バディ・ホリーBuddy Hollyのギター演奏は時々荒々しくなるのだが、それでも彼のレコードには、やさしく、メロディアスなところがあり、それがロックンロールの別の取り組み方になっていた。
その一つがナッシュビルで認められ、アーキー・ブレヤーArchie Bleyerはレコードの売れる才能ある別の人間を発見したと思った。
間違いなくブレヤーにはホリーが必要だった。ブレヤーはケイデンス・レコードCadence Recordsを創立し、昔のボスのアーサー・ゴッドフレイArthur Godfreyが契約すると期待していたのだが、その後契約することは無かった。
ゴッドフレイはスティーブ・ローレンスSteve Lawrenceと契約したが、ローレンスは若いクルーナーで、どう扱って良いか考えあぐねていたキング・レコードからゴッドフレイが契約を持ち込んだものだ。

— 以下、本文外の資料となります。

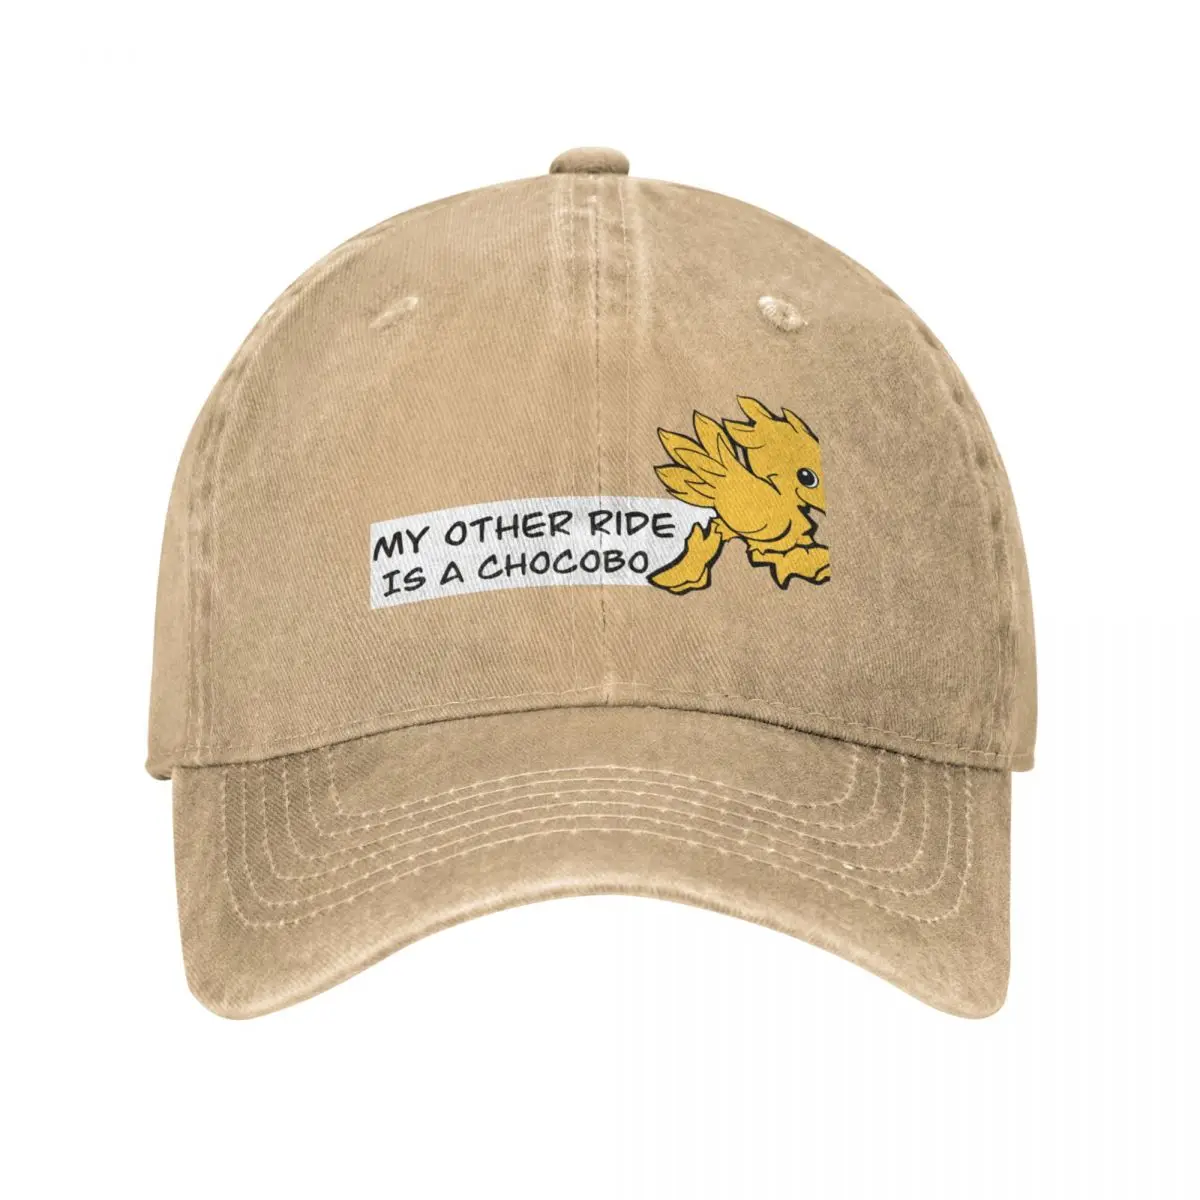 My Other Ride is a Chocobo Cowboy Hat derby hat Luxury Woman Hat Men'S

そしてその後、女性トリオのコーデッツとも契約したが、このグループはゴッドフレイのテレビに登場し、ティーン・クイーンズTeen Queensの「エディ・マイ・ラブEddie My Love」のカバーなど、数曲のヒットがあった。(そのメンバーのうちの一人がブレヤーの妻でもあった。)
しかし、アイオワ州シェナンドーで、自分たちの家族のラジオ番組で演奏することになる二人の子供と組むまでは、本当の意味で大きなヒットを飛ばさなかった。ドンとフィルのエバリー兄弟Don and Phil Everlyは音楽一家の中で育った。
彼らの父親アイクIkeはケンタッキー州出身で、地元のバラードや歌をたくさん学び、ものすごいギター演奏者になっていき、その間、その技術をアイクのところに習いに来た数名のギタリストに教えたが、そのうちもっとも著名なのはマール・トラビスMerle Travisだった。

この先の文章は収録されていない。